This page consists of user stories from ourselves and other scientists who were kind enough to share their comments, and for giving permission for this material to be used in Stoltzfus, et al., Sharing and ReUse of Phylogenetic Trees (and Associated Data) to Facilitate Synthesis.

A provisional taxonomy of barriers to re-use

This is an attempt to create a taxonomy, in hopes of clarifying ideas about barriers to re-use, to serve as a guide for more detailed attempts to characterize barriers.

Before acquiring potentially re-useable information...

  • How important are these barriers to identifying and locating relevant records?
    • resources exist but do people know of them (lack of marketing, advertising?)
    • lack of intelligent, comprehensive search interfaces
      • false positives, false negatives, search inadequacies
      • lack of indexing of much biological literature in PubMed, Scopus, WoS
    • lack of archiving of original data sets (i.e., archived electronic record does not exist)
  • How important are these barriers to accessing and downloading relevant records?
    • paywalls
    • ease of accessibility (e.g. TreeBASE 1 [bad] & TimeTree iPhone app [good] )

After acquiring re-useable information, but before re-use...

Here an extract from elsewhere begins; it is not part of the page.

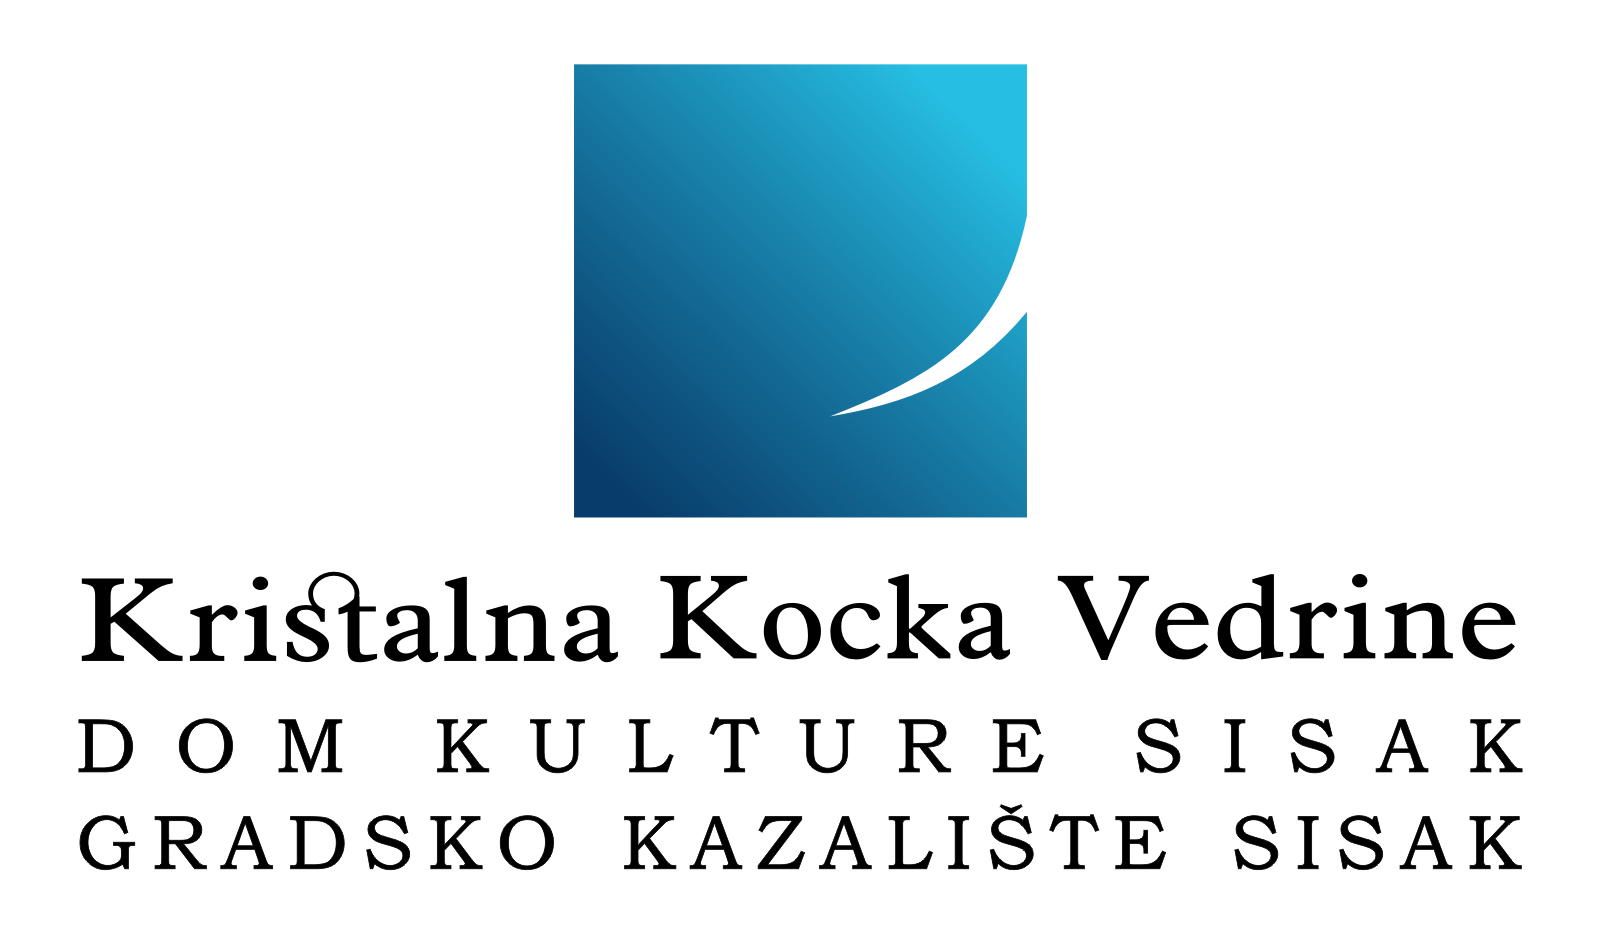 You are currently viewing Gostovanja Gradskog kazališta Sisak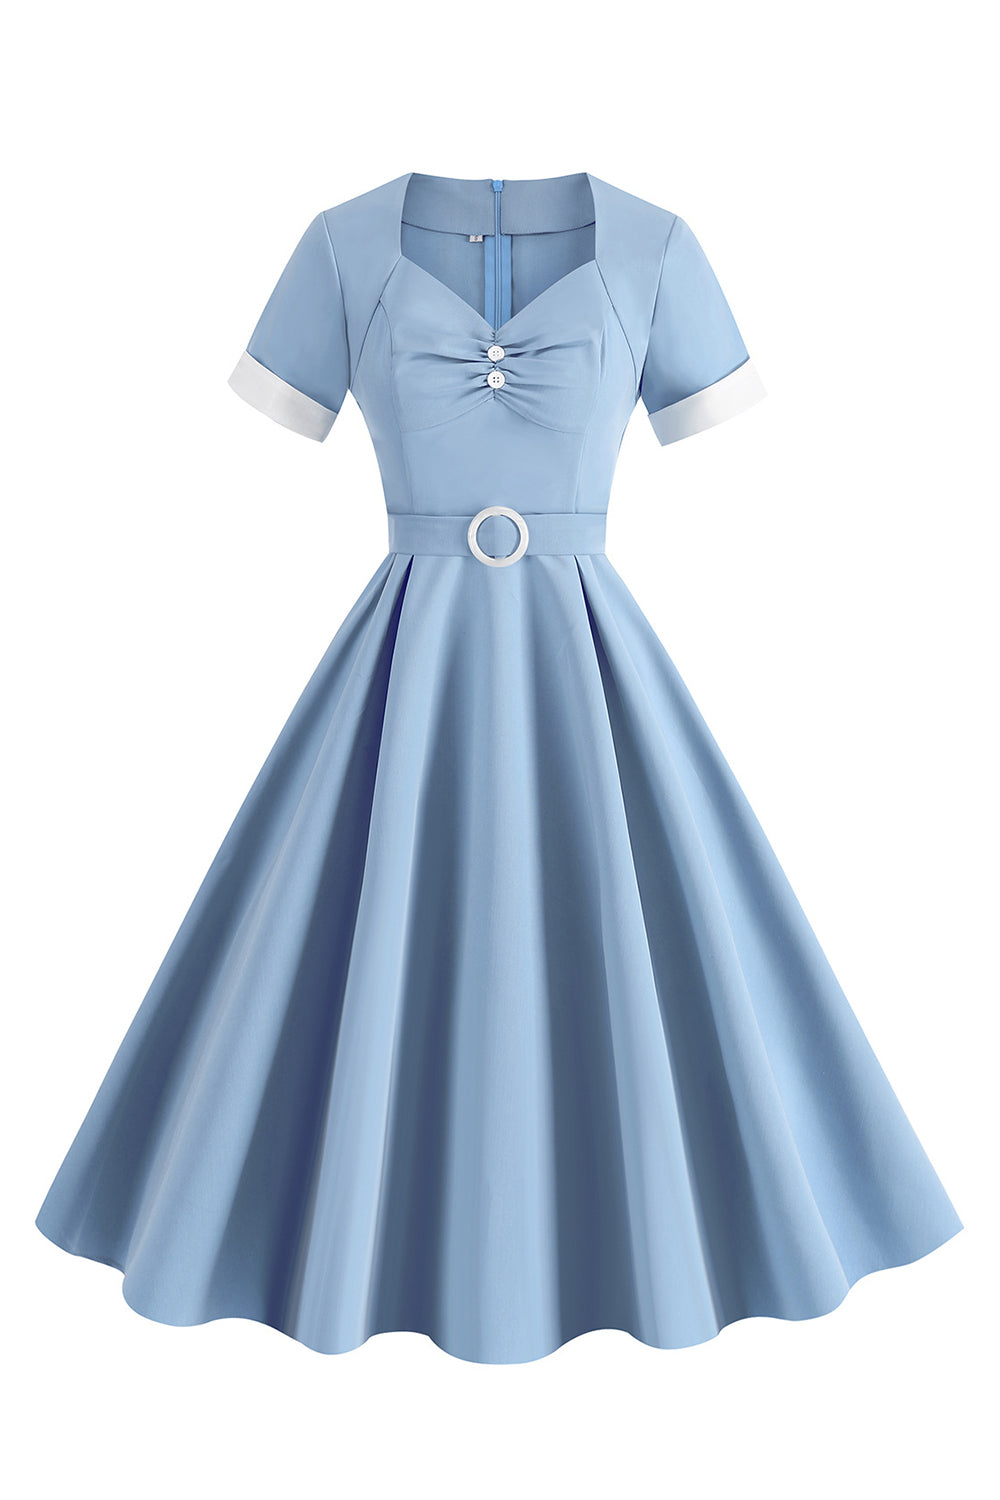 Blaues A-Linie Vintage Kleid aus den 1950er Jahren mit Gürtel

  • How important are these barriers to extracting re-useable information from accessed records?
    • extracting/obtaining the data (data is stored in inappropriate formats and/or not online)
    • interpreting the data presented (ambiguity and lack of adequate metadata)
  • How important are these other barriers to re-using information extracted from records
    • inadequate taxon coverage
      • can't find a specific OTU of interest (e.g., new gene seq)
      • poor coverage of a group of interest
      • hard to pick and choose a set of OTUs that covers the problem without becoming unwieldy
    • lack of annotation of methods associated with the data (needed to replicate, assess quality)
    • potential for intellectual property issues (re-use rights for data are often not explicit)

When re-use happens...

  • How common are these different types of re-use?
    1. re-using statistical inferences such as trees, clades, dates of divergence
    2. re-using character data matrices
      • re-using aligned or homologized characters
      • re-using unaligned data
    3. re-using workflows or methods (e.g., as described in a paper)
  • How common are these different types of tangible outcomes?
    • re-use of older information is central to a new study
    • re-use of older information provides a counterpoint to a new analysis
    • re-use of older information provides perspective but not publishable results
  • How common are these different types of attributions?
    • authorship (on a new publication) by author of source publication that reported the re-used data
    • citation (in a new publication) of a source publication that reported the re-used data
    • acknowledgement (in a new publication) of individual sharing the data
    • noting or otherwise "liking" the source publication (or author, or archival record) in a public venue (e.g., citeulike)
    • a private letter of thanks to the authors of the re-used data
    • no public acknowledgement of any kind

A taxonomy of issues from the data producer perspective

Barriers to reaching a positive decision to archive

  • I don't know about resources (TreeBASE, Dryad, Paleobase)
  • I don't know about relevant policies of journals and funding agencies
  • I do not want to upload my data to a public archive because
    • I could get scooped
    • I want to control what it's being used for (not something stupid)
    • I want to ensure that I get credit-- so, potential users must contact me directly
    • I'll deny it if you ask me, but I am afraid of people trying to replicate my analysis
  • I am not opposing to archiving, but the benefits do not exceed the costs that I perceive, including
    • time to prepare
    • time to submit

Barriers to submitting a record to a chosen archive

  • the submission process is poorly documented. i don't know what to do.
  • difficulty of gathering information needed for a complete and well annotated record
  • relevant information does not fit the data model assumed by the submission process
  • relevant information is not in the format required by the submission process
  • the submission process is buggy, it breaks for no apparent reason

Negative experiences after archiving

  • (do producers get credit?)

User stories

The user stories generally refer to specific studies, while the user comments below include generalizations and collected experiences.

Coevolution of mimicry in rift lake catfish

User: Jeremy Wright


See the cover article of Evolution for Feb, 2011 [1]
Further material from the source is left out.